Fig. 1. Single-cell RNA sequencing highlights transcriptomic heterogeneity in glioblastoma and glioblastoma stem cells.

a tSNE of location-averaged transcriptome for all tumor cells colored by patient. Cancer cells cluster by patient, whereas normal cells from all patients cluster together (encircled clusters indicated by arrows). GSC corresponds to glioma stem cell samples, W corresponds to whole samples. b Enriched glioblastoma stem cell (GSC) gene expression heatmaps showing relative gene expression (raw data) sorted by PC1 per patient. These maps are separated into three rows: top row—100 genes with the lowest value for PC1 loading; bottom row—100 genes with the highest value for PC1 loading; middle row—100 genes with the highest value for PC2 loading. These gene signatures correspond to neuronal, astrocytic, and progenitor signatures, respectively. The TCGA subtype is also shown for each GSC. c Mean and actual rank of genes by PC1 correlation. The actual gene rank (y axis, one point per sample) correlates strongly with the mean gene rank (x axis) in all patients. d Flow cytometry analysis of GSCs and whole-tumor, demonstrating mutually exclusive expression of CD24 and CD44. e Heatmap of gene expression by cNMF signature with associated cell cycle scores and TCGA subtype (right). The most characteristic genes for each signature group are depicted on the x axis. Signatures (y axis) are ordered according to hierarchical clustering (left tree). Left color bar represents the patient sample that generated each signature—patient colors match those in Fig. 1a. Red represents high expression; blue represents low expression. Gene signatures groupings correspond to progenitors, astro-glia (mesenchymal and classical), and neurons, with the addition of cell cycle and hypoxia signatures. cNMF—clustered non-negative matrix factorization. f Heatmap of gene expression by signature ordered by patient as shown by the left color bar. Genes (x axis) are in the same order as Fig. 1e. Patient colors in the color bar match those in Fig. 1a, e. Each patient contains signatures from multiple groups.

Fig. 2. Single-cell RNA sequencing of the developing brain and the identification of glial progenitor cells.

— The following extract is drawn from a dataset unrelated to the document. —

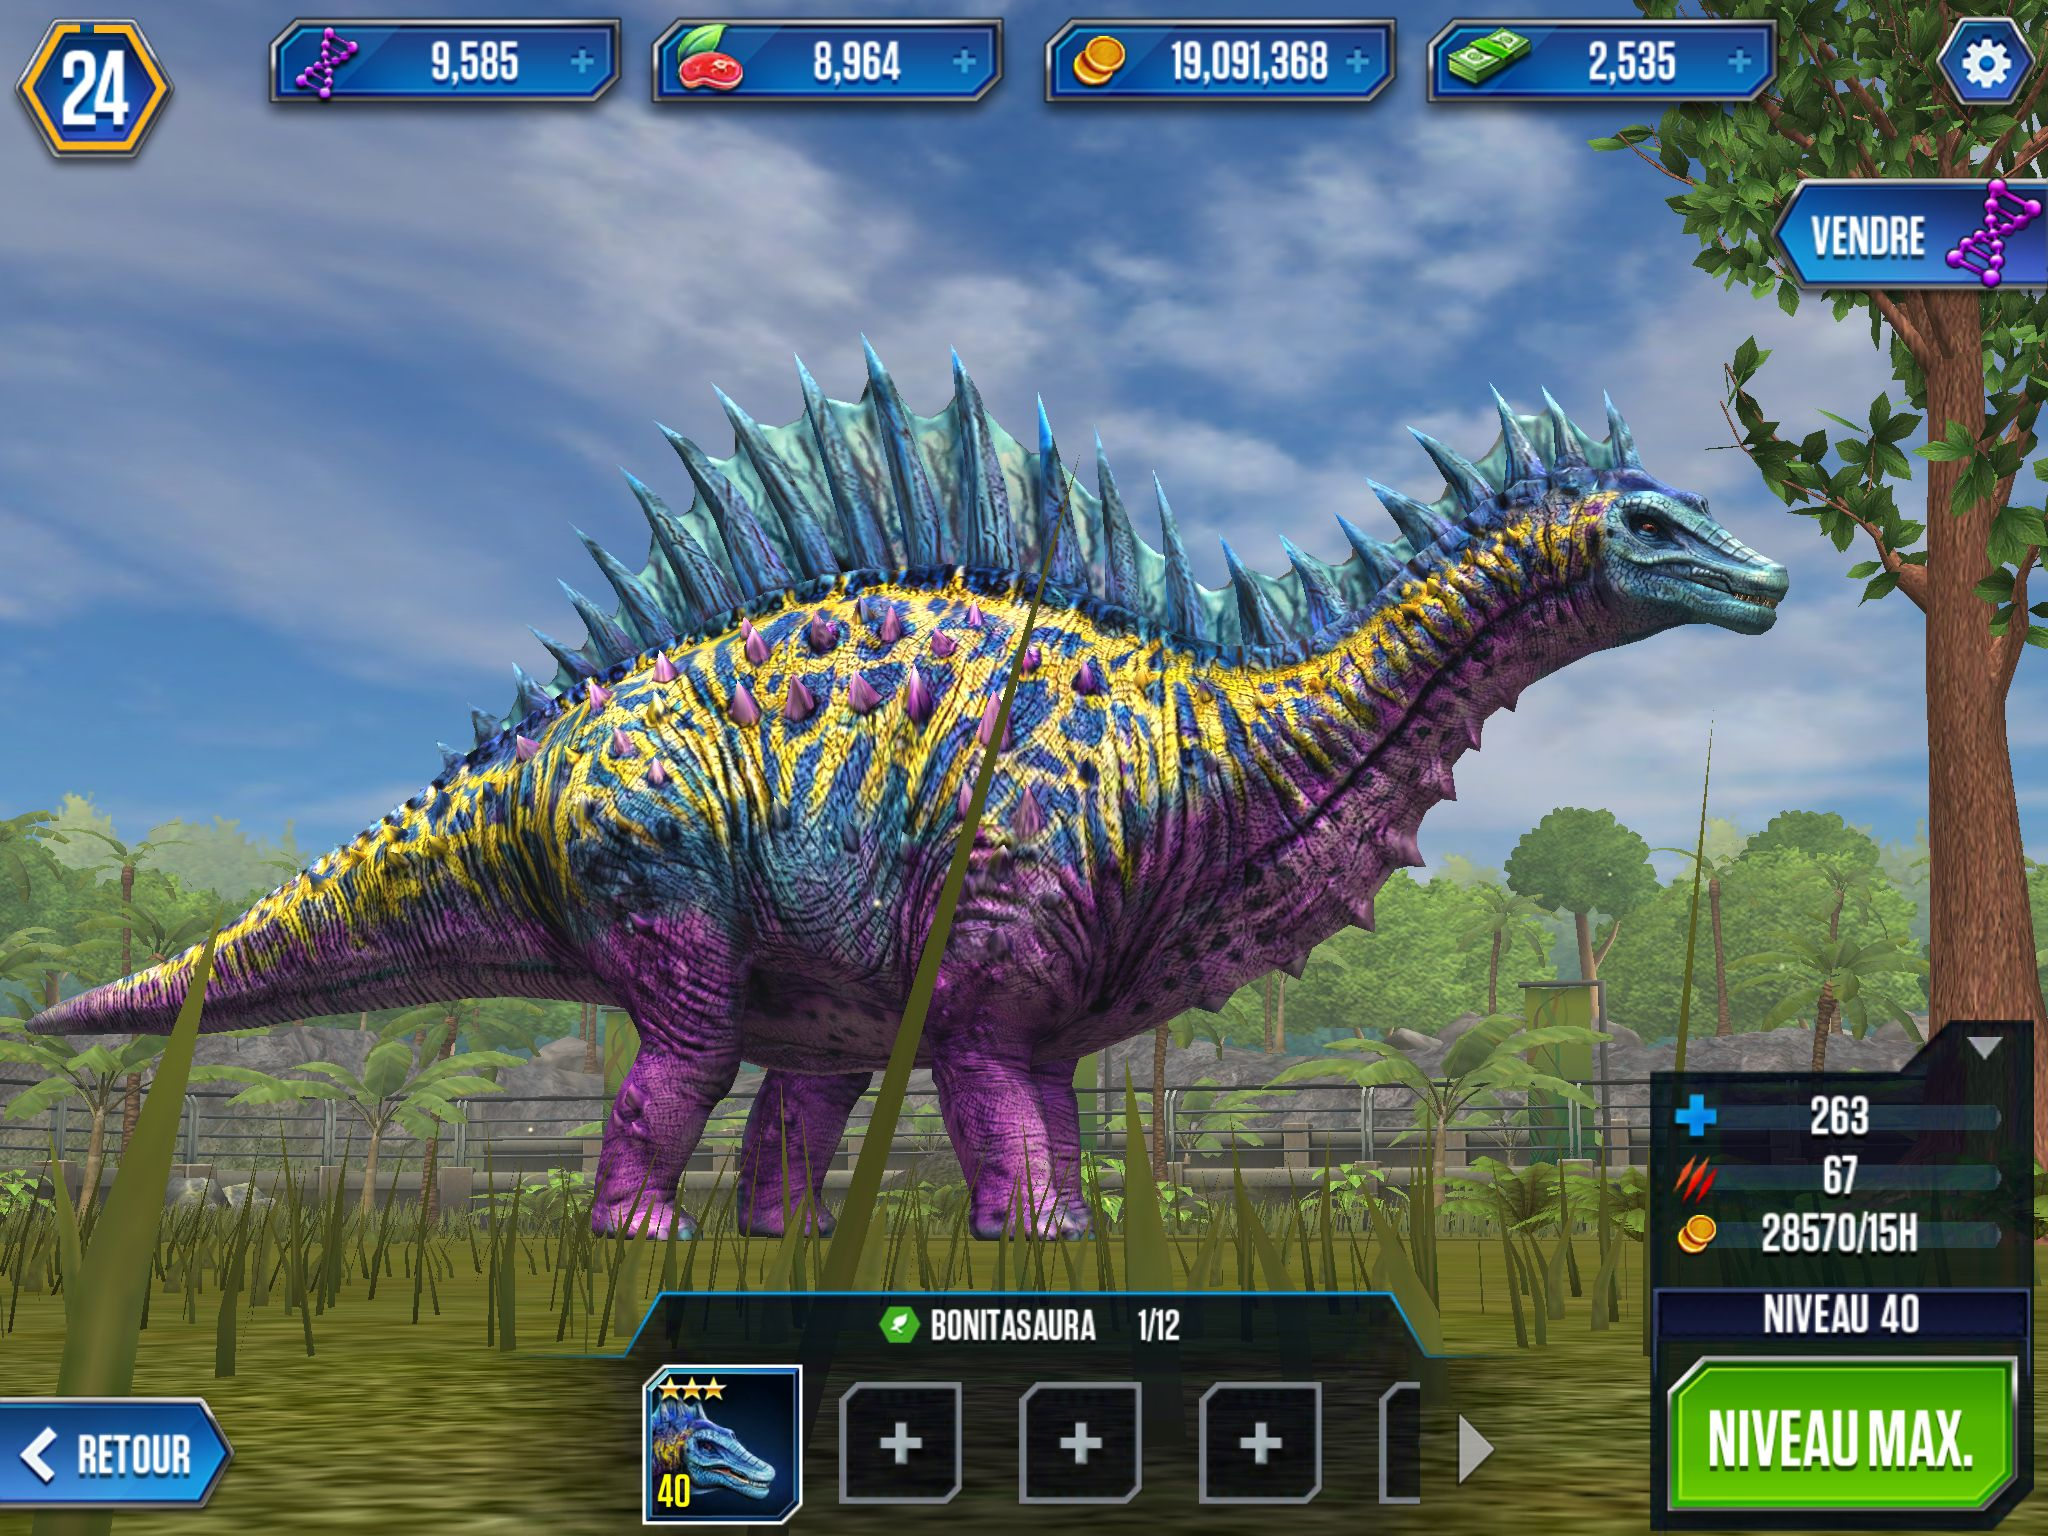 Bonitasaura jurassic world game dinosaure madilyn - Dinosaure jurassic world ...

a T-distributed stochastic neighbour embedding (tSNE) map of human fetal brain cells by cluster or cell type. Data sets from total cells and CD133+ cells were combined. Cells are colored by cell type. tRG truncated radial glia, uRG unknown radial glia, IPC inhibitory neuronal progenitor, RG radial glia, EN excitatory neuron, IN interneuron, ENP excitatory neuronal progenitor, Astro astrocyte, GPC glial progenitor cell, OLC oligo-lineage cells. b Similarity matrix of fetal brain cells ordered by cluster. c tSNE maps of human fetal brain cells showing cell type expression of OLIG2, PDGFRA, APOD, GFAP, SOX9, APOE, ASCL1, and MKI67. Expression is averaged to the 20 closest neighbors in principal component (PC) space. Encircled cells were reclustered to yield three separate clusters. d tSNE map of total human fetal brain cells and CD133+ fetal brain cells. e Representative example of freshly cultured fetal neural stem cells coexpressing CD133, OLIG2, and GFAP (n = 2 independent biological samples). Images were taken at ×63 magnification. Scale bars: 10 μm f Immunofluorescence analysis of the adult human subventricular zone (SVZ) at the junction of the AB and HG. Top row, schematic and anatomic structure of the SVZ. Bottom row, identification of dividing cells with marker expression corresponding to glial progenitor cells. HG hypocellular gap, AB astrocytic band, E ependymal cells, LV lateral ventricle, CN caudate nucleus. Analysis was performed in n = 4 independent patient samples. Scale bars: top row images: 200 μm (left) and 40 μm (right); bottom row images: 20 μm.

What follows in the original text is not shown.